# Action item
One range is to be output from the listing below, exactly as written: the line with "Office และผลิตภัณฑ์แบบสแตนด์อโลนสำหรับ Mac" to the line with "SSFCU Tablet Mobile Banking - screenshot", both kept.

*** Exercise data ***

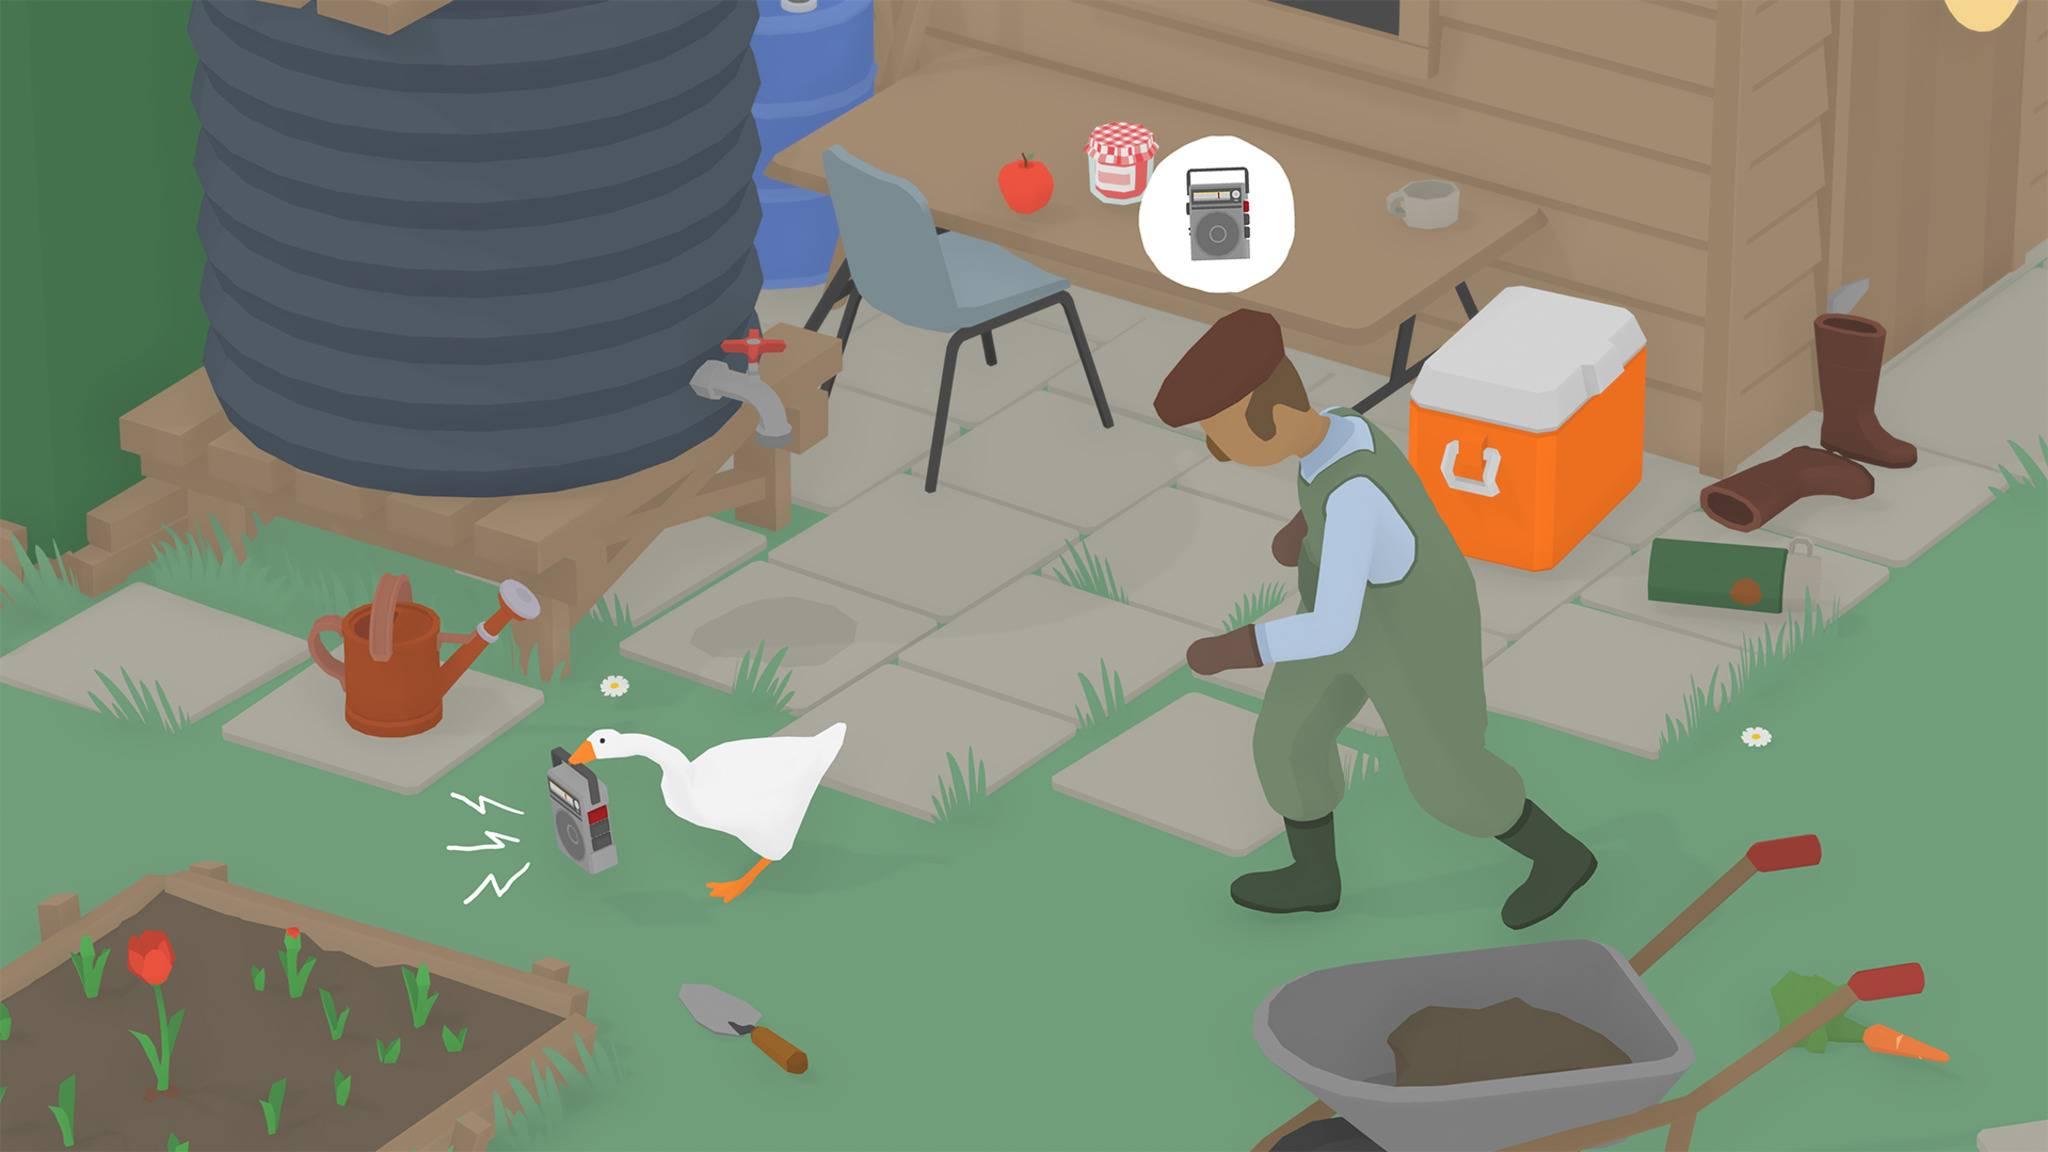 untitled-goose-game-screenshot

*** End of Exercise data ***
*** Exercise data ***

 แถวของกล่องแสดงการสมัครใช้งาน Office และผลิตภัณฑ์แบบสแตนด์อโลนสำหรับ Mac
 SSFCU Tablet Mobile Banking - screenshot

*** End of Exercise data ***

# Your response
 แถวของกล่องแสดงการสมัครใช้งาน Office และผลิตภัณฑ์แบบสแตนด์อโลนสำหรับ Mac
 SSFCU Tablet Mobile Banking - screenshot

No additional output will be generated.